An Introduction to Test::MockDBI

Jul 21, 2005 by Mark Leighton Fisher

Prelude

How do you test DBI programs:

Without having to modify your current program code or environment settings?
Without having to set up multiple test databases?
Without separating your test data from your test code?
With tests for every bizarre value your program will ever have to face?
With complete control over all database return values, along with all DBI method return values?
With an easy, regex-based rules interface?

You test with Test::MockDBI, that’s how. Test::MockDBI provides all of this by using Test::MockObject::Extends to mock up the entire DBI API. Without a solution like Test::MockDBI–a solution that enables direct manipulation of the DBI–you’ll have to trace DBI methods through a series of test databases.

You can make test databases work, but:

You’ll need multiple (perhaps many) databases when you need multiple sets of mutually inconsistent values for complete test coverage.
Some DBI failure modes are impossible to generate through any test database.
Depending on the database toolset available, it may be difficult to insert all necessary test values–for example, Unicode values in ASCII applications, or bizarre file types in a document-manager application.
Test databases, by definition, are separate from their corresponding test code. This increases the chance that the test code and the test data will fall out of sync with each other.

Using Test::MockDBI avoids these problems. Read on to learn how Test::MockDBI eases the job of testing DBI applications.

A Mock Up of the Entire DBI

Test::MockDBI mocks up the entire DBI API by using Test::MockObject::Extends to substitute a Test::MockObject::Extends object in place of the DBI. A feature of this approach is that if the DBI API changes (and you use that change), you will notice during testing if you haven’t upgraded Test::MockDBI, as your program will complain about missing DBI API method(s).

Mocking up the entire DBI means that you can add the DBI testing code into an existing application without changing the initial application code–using Test::MockDBI is entirely transparent to the rest of your application, as it neither knows nor cares that it’s using Test::MockDBI in place of the DBI. This property of transparency is what drove me to develop Test::MockDBI, as it meant I could add the Test::MockDBI DBI testing code to existing client applications without modifying the existing code (handy, for us consultants).

Further enhancing Test::MockDBI’s transparency is the DBI testing type class value.

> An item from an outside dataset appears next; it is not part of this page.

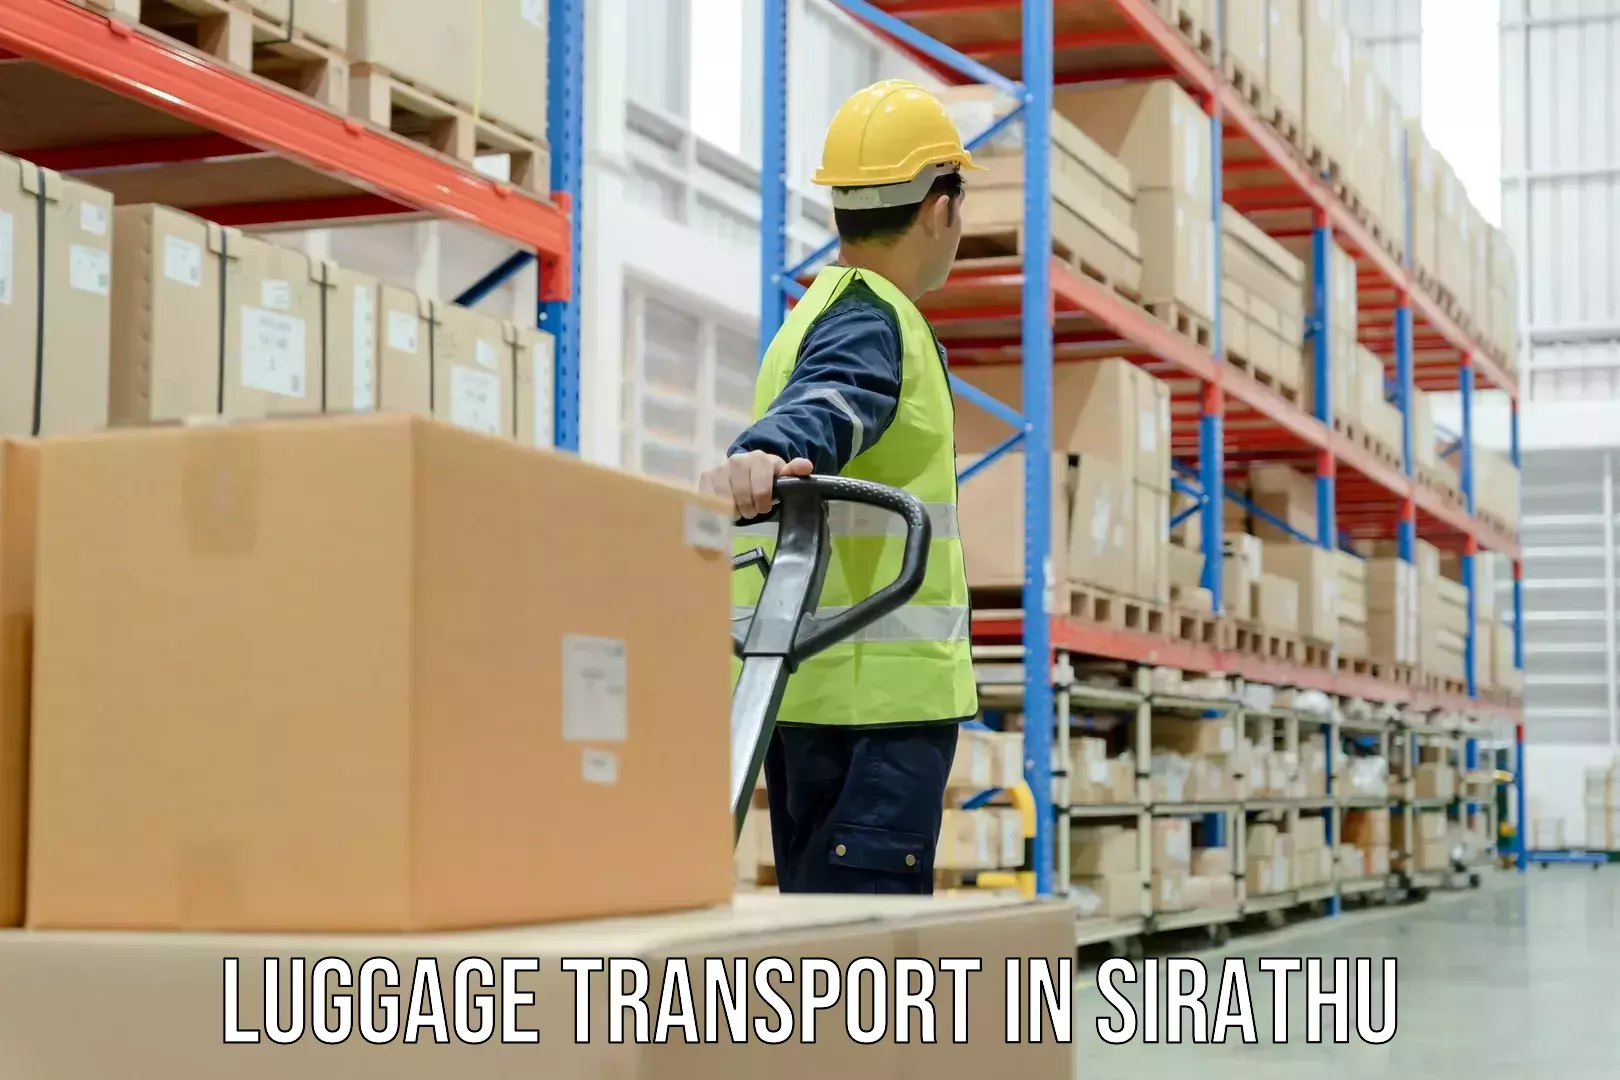 Luggage shipment specialists in Sirathu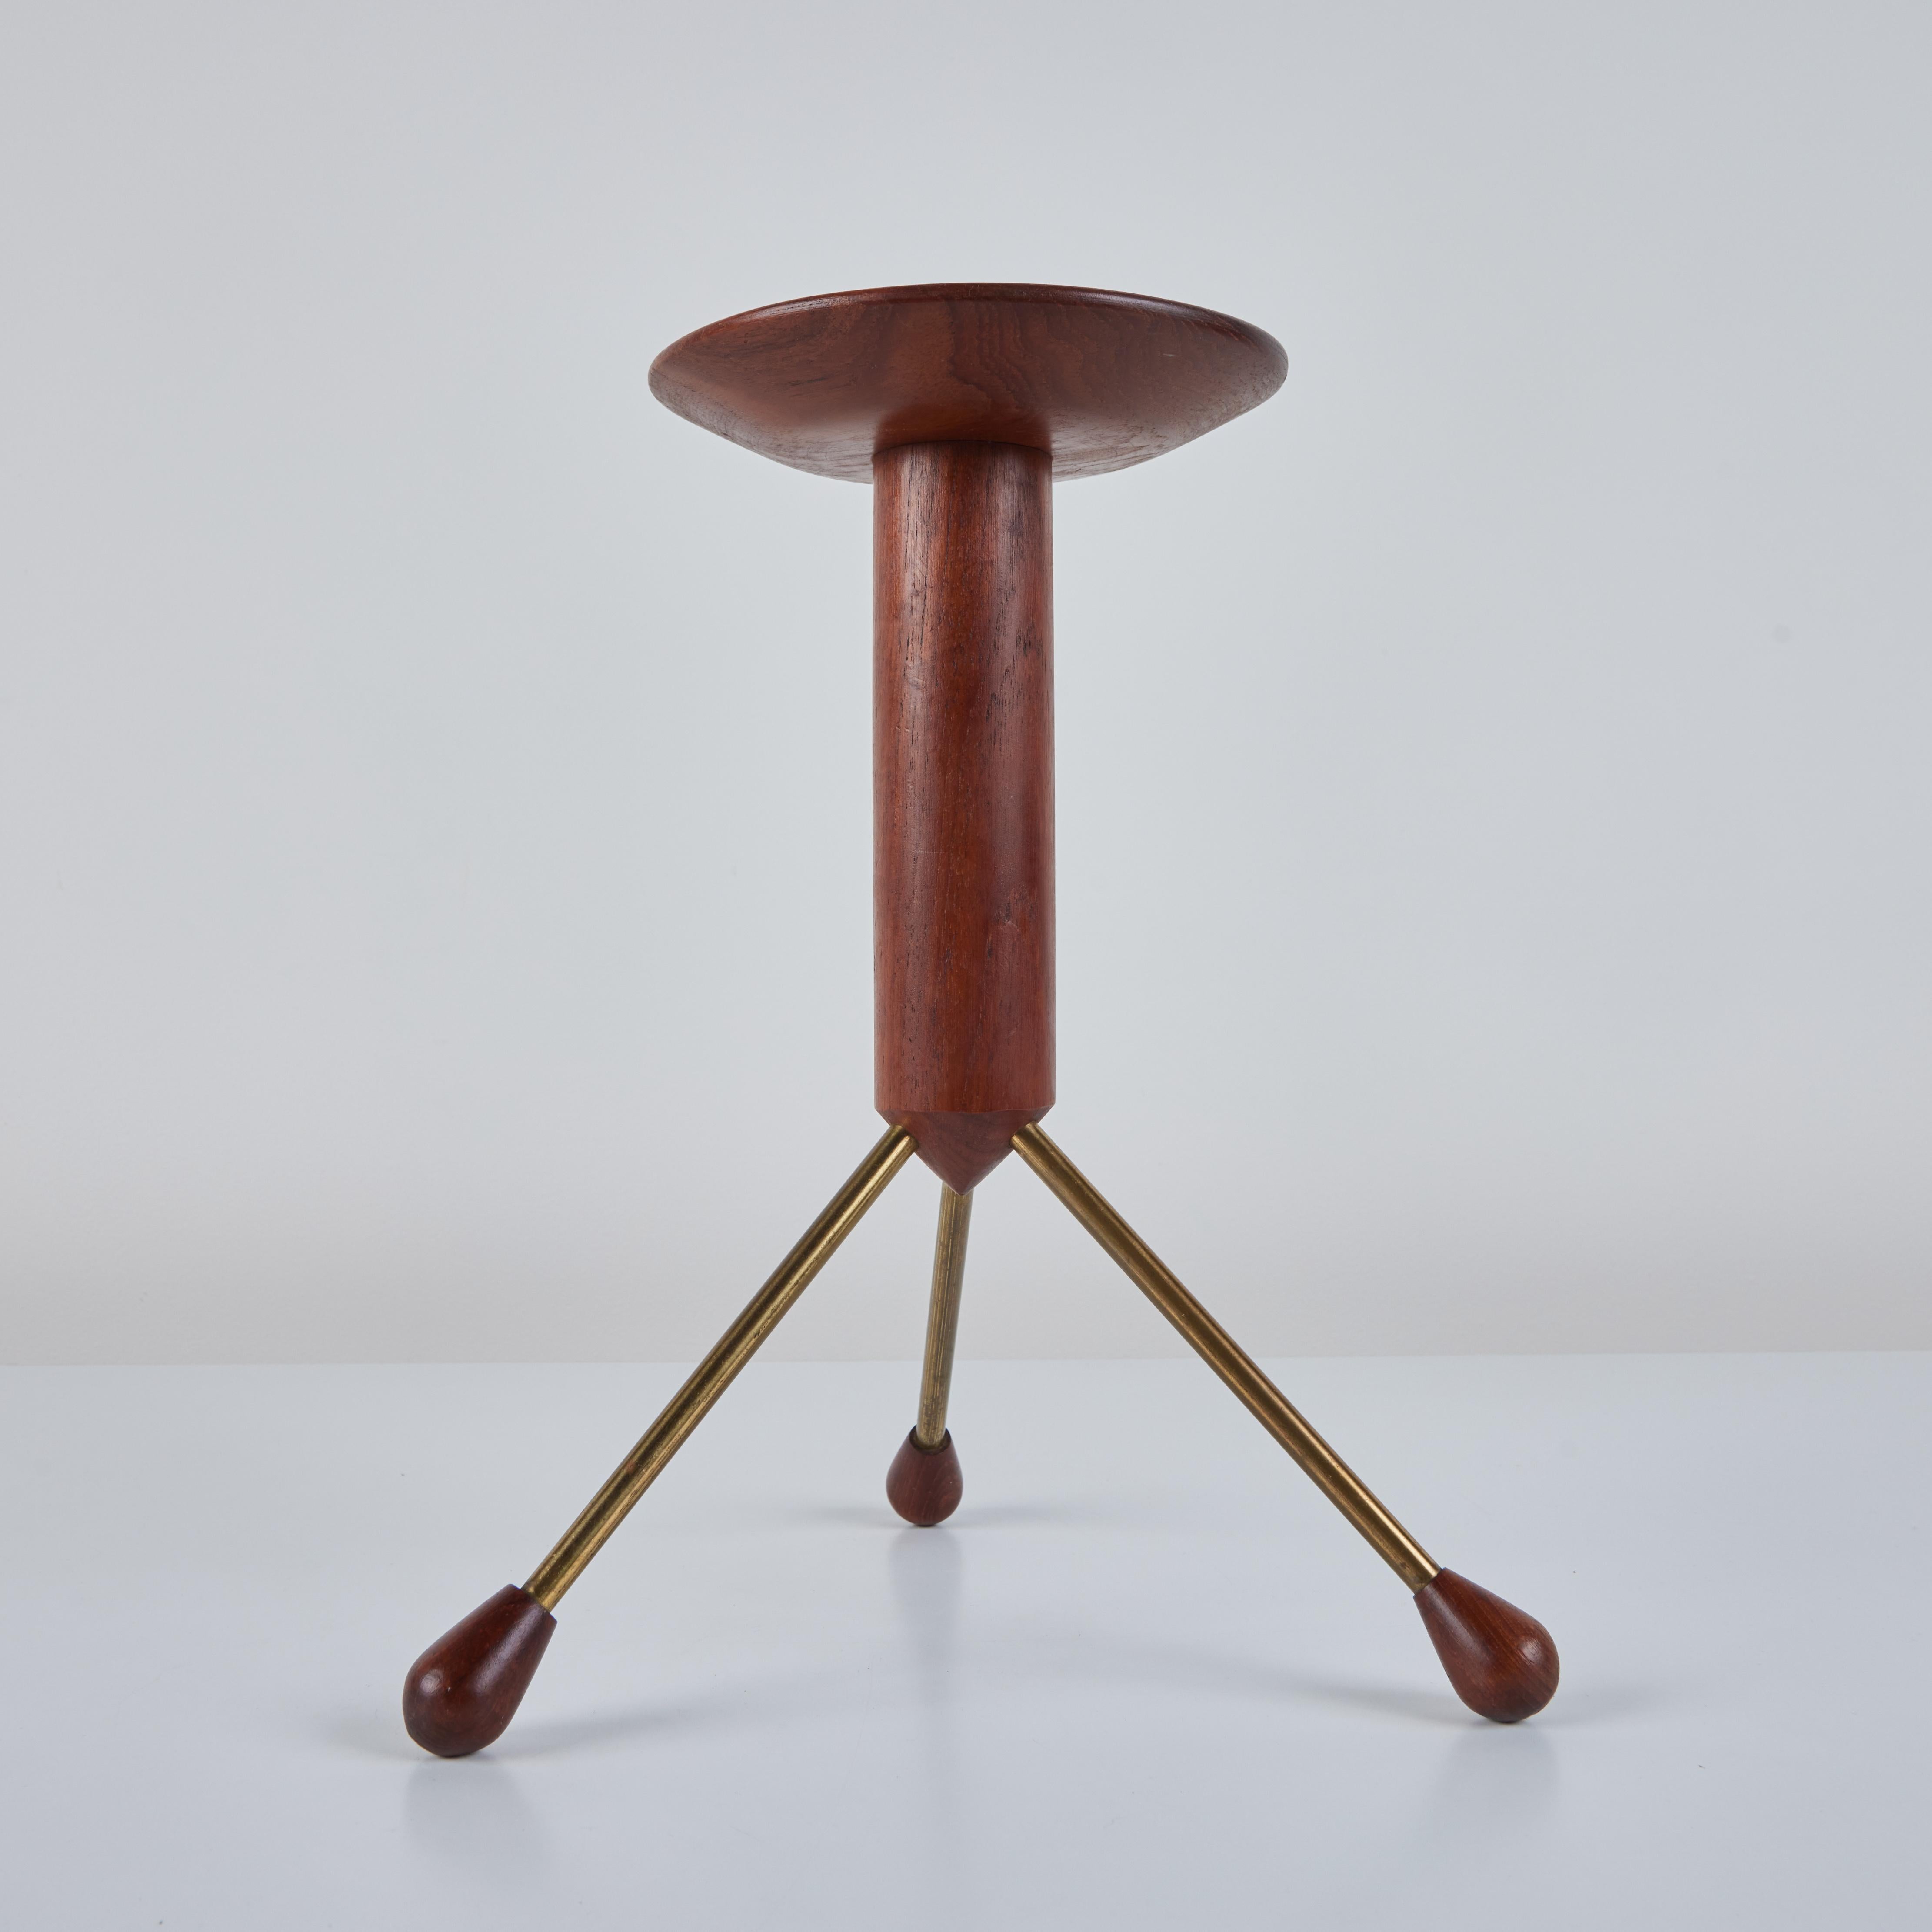 Teak and Brass Side Table by Albert Larsson for Alberts Tibro 1

Testing is only enabled when the DBI testing type is non-zero, so you can just leave the DBI testing code additions in your production code–users will not even know about your DBI testing code unless you tell them.

Mocking up the entire DBI also means that you have complete control of the DBI’s behavior during testing. Often, you can simulate a SELECT DBI transaction with a simple state machine that returns just a few rows from the (mocked up) database. Test::MockDBI lets you use a CODEREF to supply database return values, so you can easily put a simple state machine into the CODEREF to supply the necessary database values for testing. You could even put a delay loop into the CODEREF when you need to perform speed tests on your code.

Rules-Based DBI Testing

You control the mocked-up DBI of Test::MockDBI with one or more rules that you insert as Test::MockDBI method calls into your program. The default DBI method values provided by Test::MockDBI make the database appear to have a hole in the bottom of it–all method calls return OK, but you can’t get any data out of the database. Rules for DBI methods that return database values (the fetch*() and select*() methods) can use either a value that they return directly for matching method calls, or a CODEREF called to provide a value each time that rule fires. A rule matches when its DBI testing type is the current testing type and the current SQL matches the rule’s regular expression. Rules fire in the order in which you declare them, so usually you want to order your rules from most-specific to least-specific.

The DBI testing type is an unsigned integer matching /^d+$/. When the DBI testing type is zero, there will be no DBI testing (or at least, no mocked-up DBI testing) performed, and the program will use the DBI normally. A zero DBI testing type value in a rule means the rule could fire for any non-zero DBI testing type value–that is, zero is the wildcard DBI testing type value for rules. Set the DBI testing type either by a first command-line argument of the form:

--dbitest[=DTT]

where the optional DTT is the DBI testing type (defaulting to one), or through Test::MockDBI’s set_dbi_test_type() method. Setting the DBI testing type through a first command-line argument has the advantage of requiring no modifications to the code under test, as this command-line processing is done so early (during BEGIN time for Test::MockDBI) that the code under test should be ignorant of whether this processing ever happened.

DBI Return Values

Test::MockDBI defaults to returning a success (true) value for all DBI method calls. This fits well with the usual techniques of DBI programming, where the first DBI error causes the program to stop what it is doing. Test::MockDBI’s bad_method() method creates a rule that forces a failure return value on the specified DBI method when the current DBI testing type and SQL match those of the rule. Arbitrary DBI method return value failures like these are difficult (at best) to generate with a test database.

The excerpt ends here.